## Action item
Write out exactly the lines running from the one with "AscendEX法幣入金教學:AscendEX最低入金金額限制為1398元" to the end of the data, including both of those lines and excluding pictures.

## Stored data
● ● ● ● ● ● ●
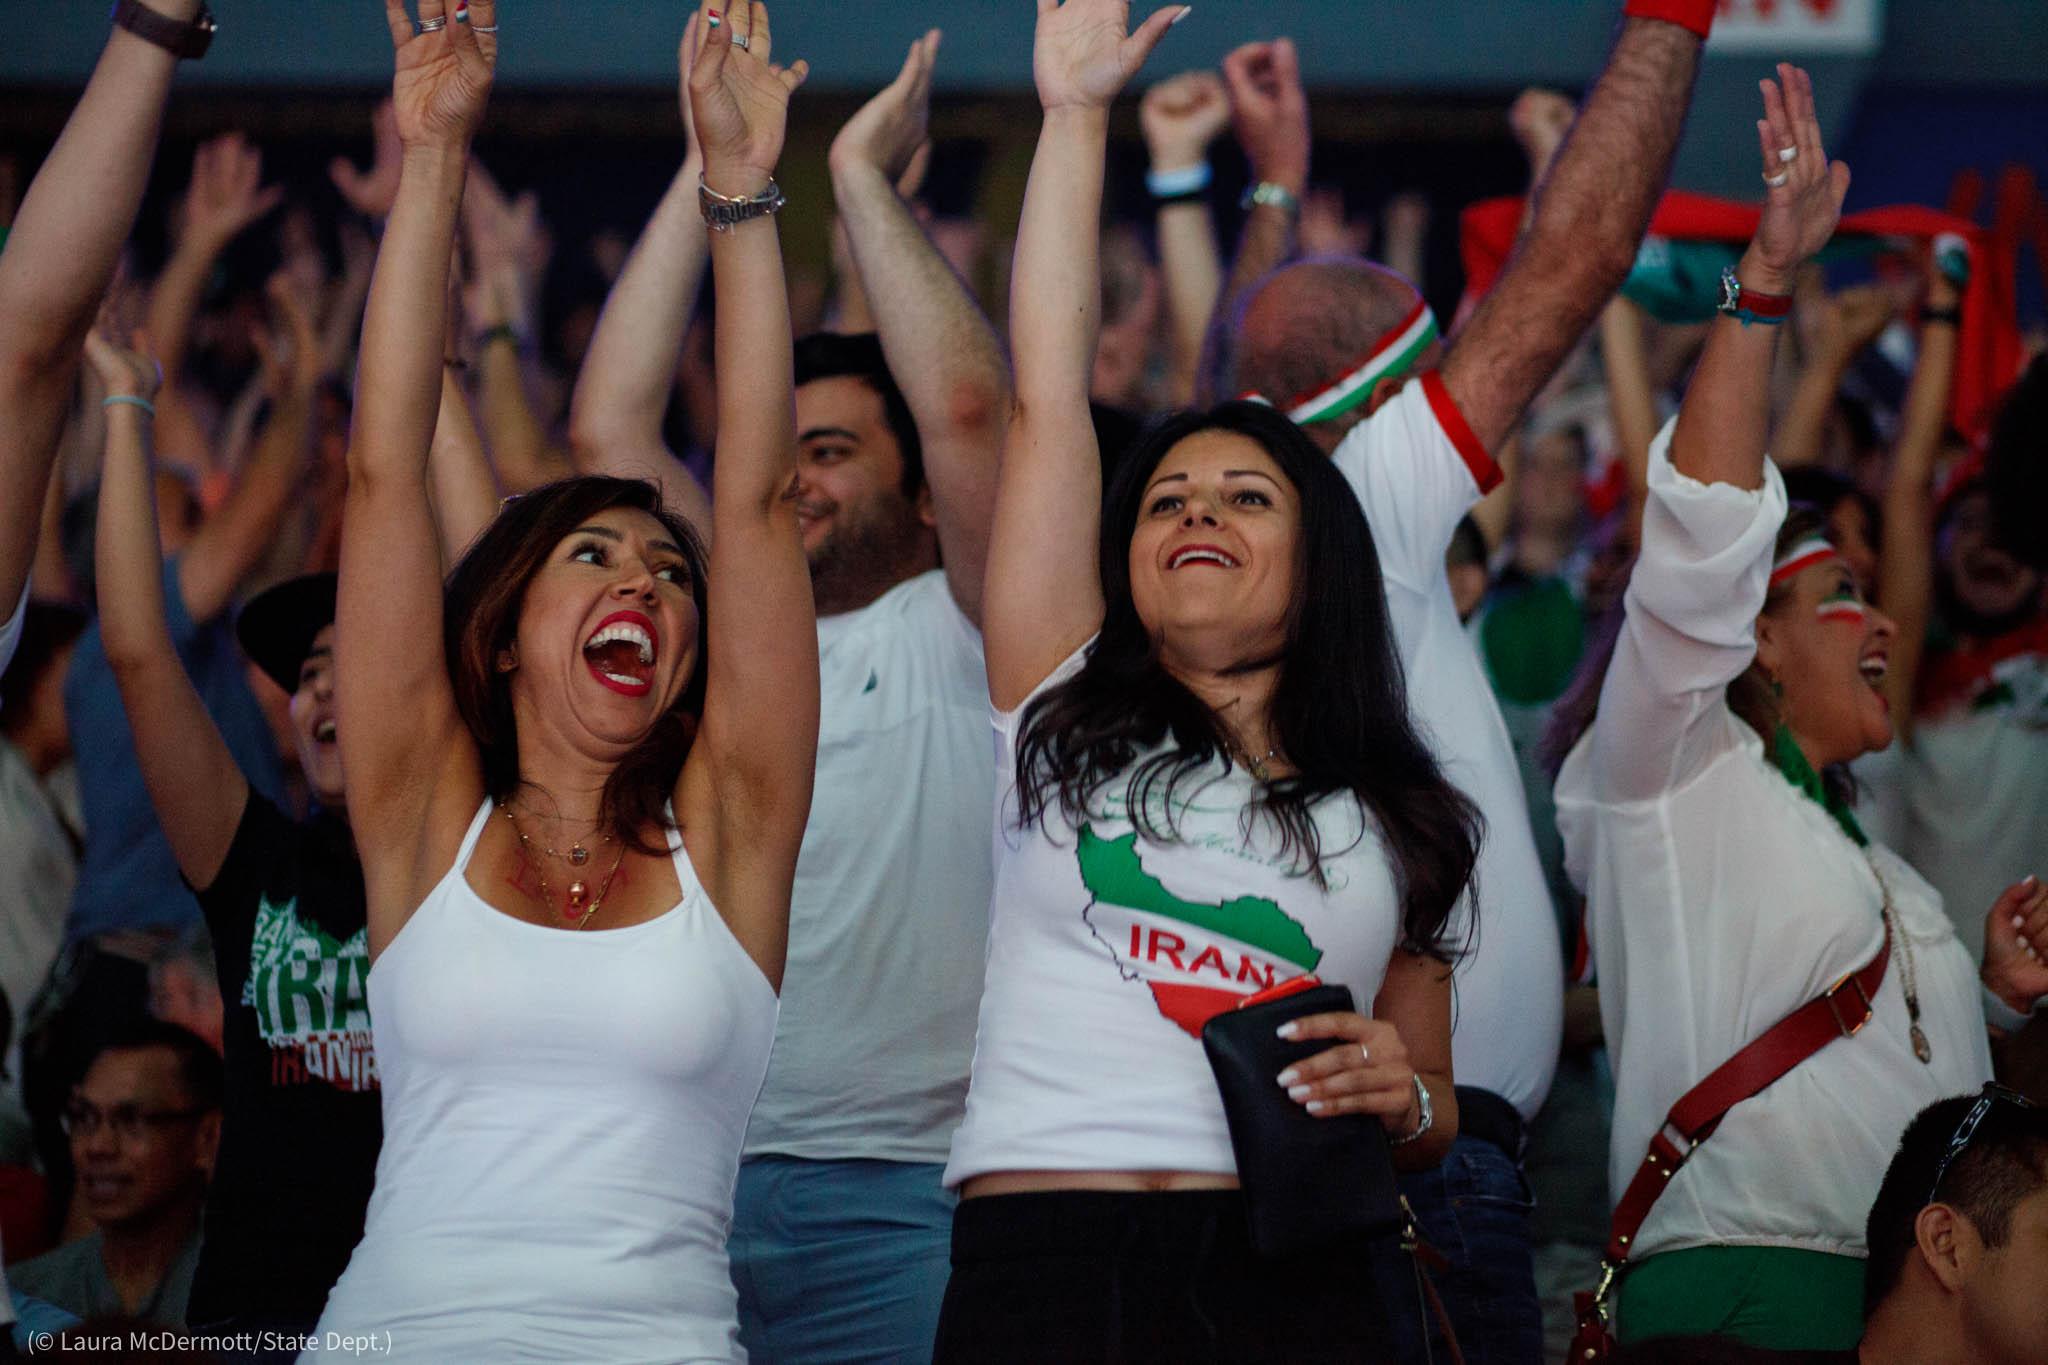 Gran grupo de hinchas vitoreando con los brazos alzados (© Laura McDermott/Depto. de Estado de EE. UU.)
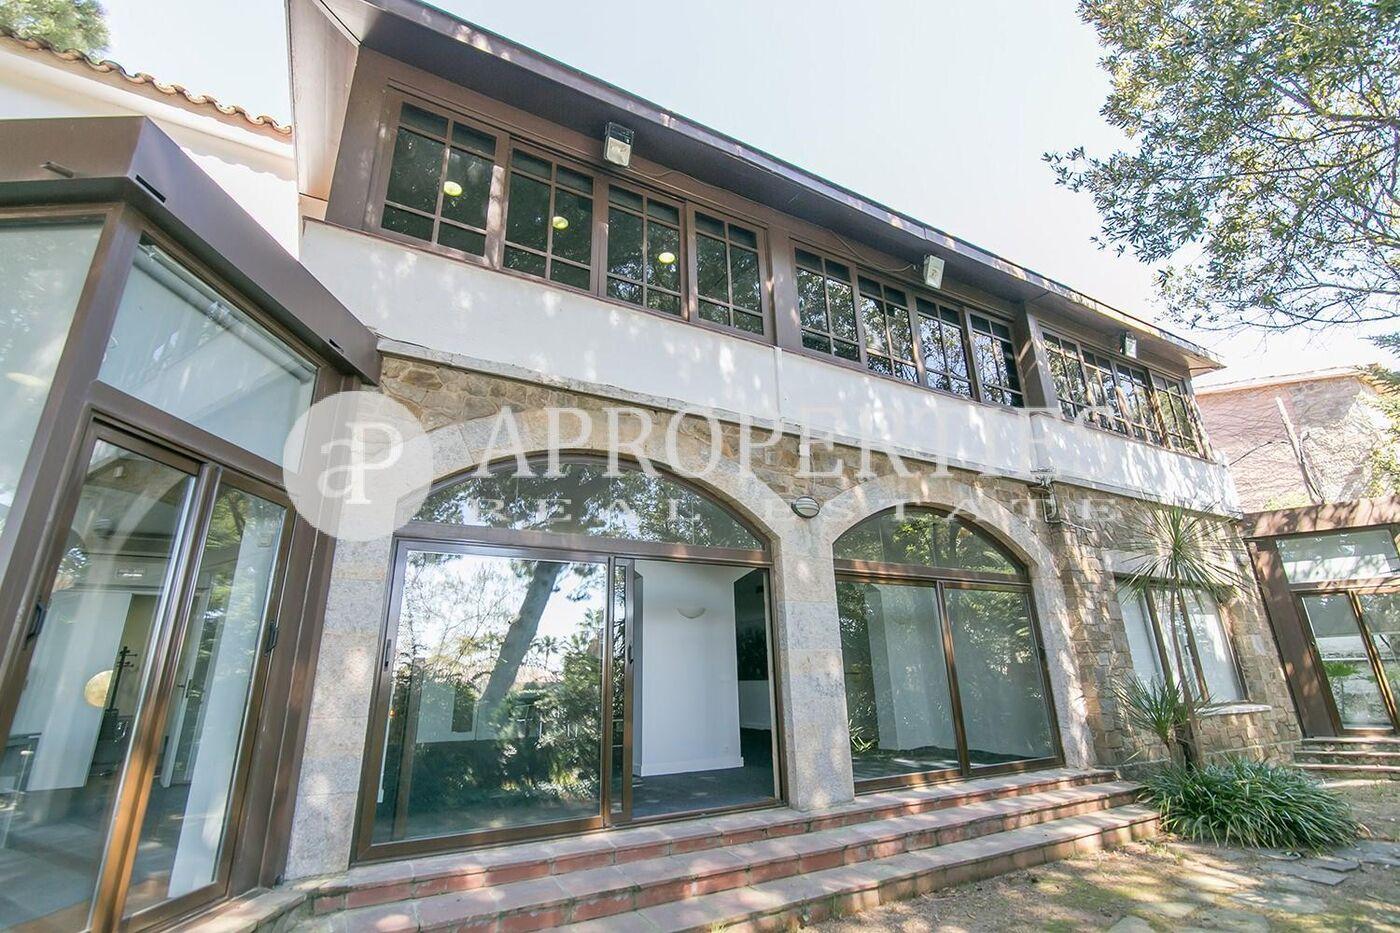 Casa en alquiler con jard n de 1500m2 en pedralbes for Alquiler casa jardin barcelona
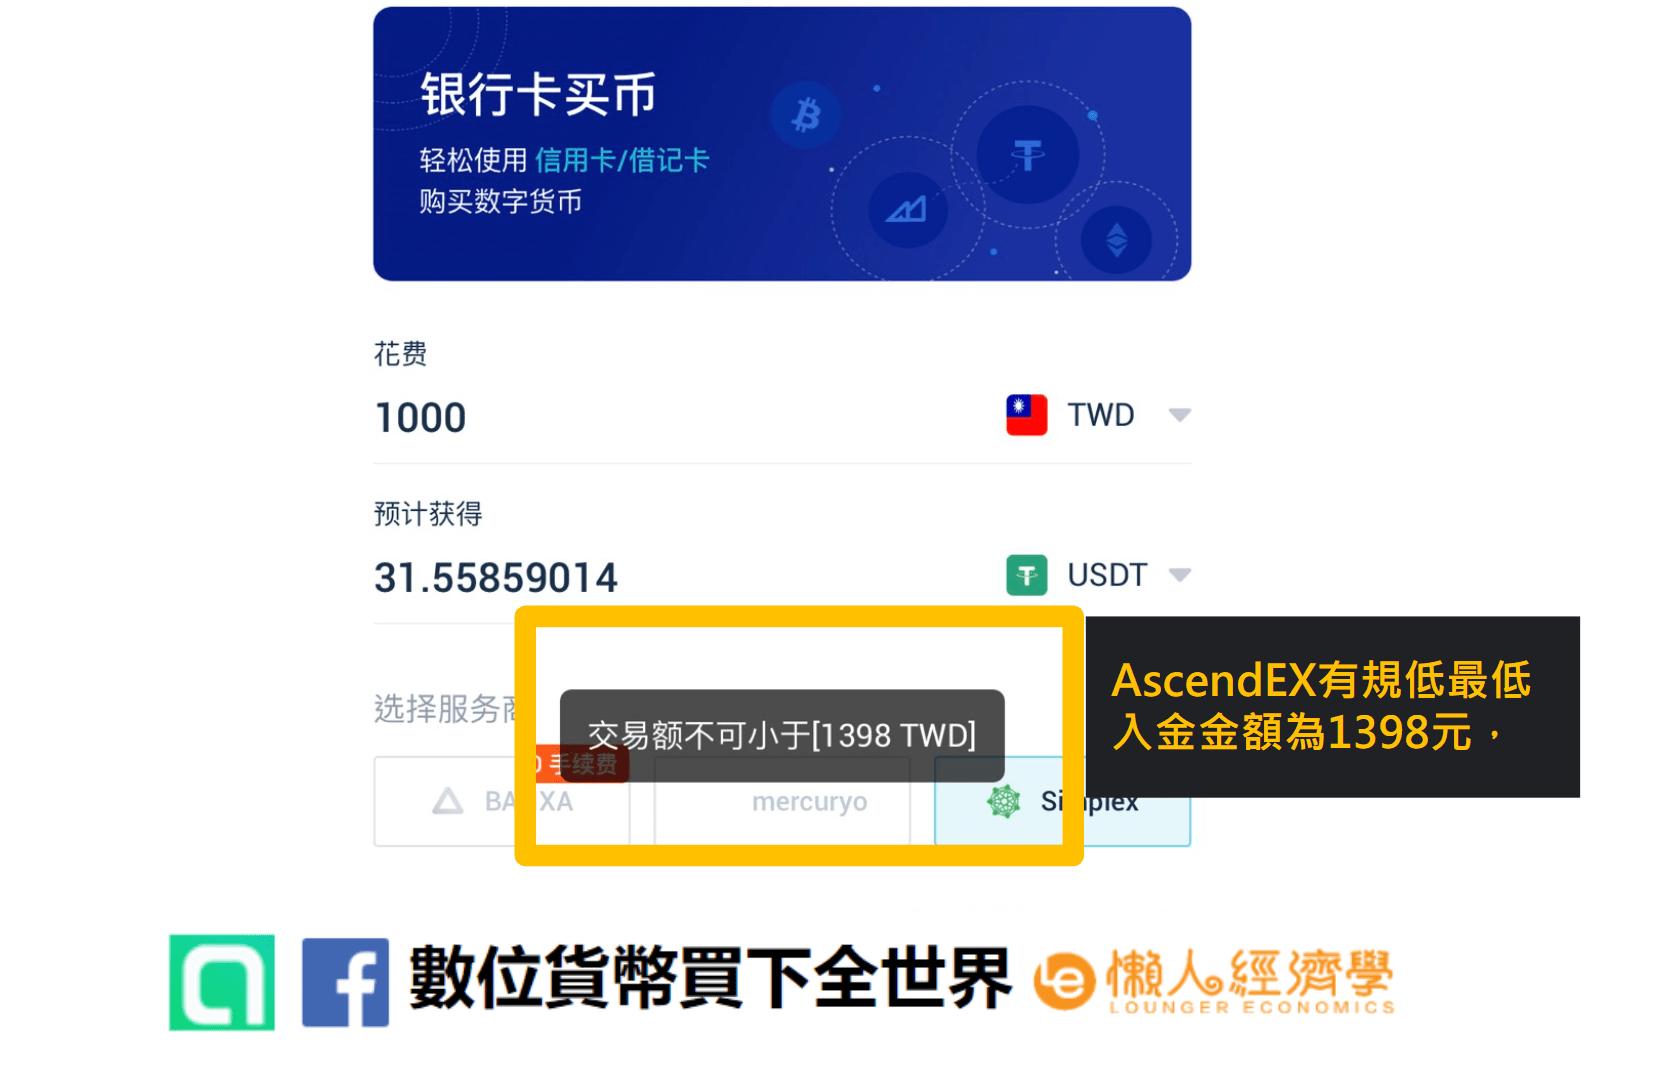 AscendEX法幣入金教學:AscendEX最低入金金額限制為1398元
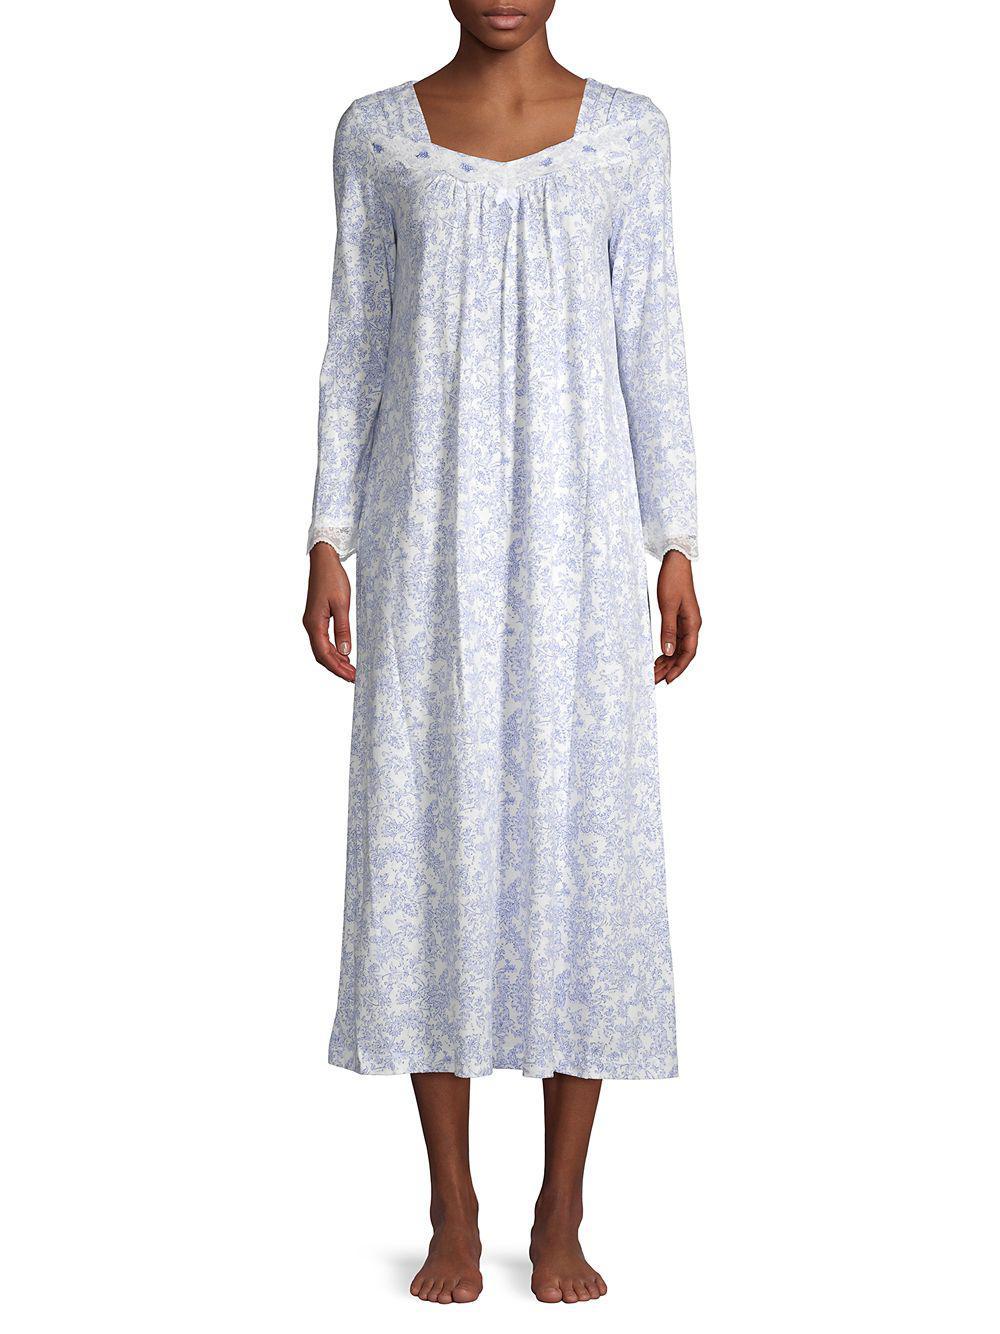 Lyst - Carole Hochman Floral Lace Trim Sleep Gown 870ce78cf
● ● ● ● ● ● ●
## Response to this exercise
 AscendEX法幣入金教學:AscendEX最低入金金額限制為1398元
 Lyst - Carole Hochman Floral Lace Trim Sleep Gown 870ce78cf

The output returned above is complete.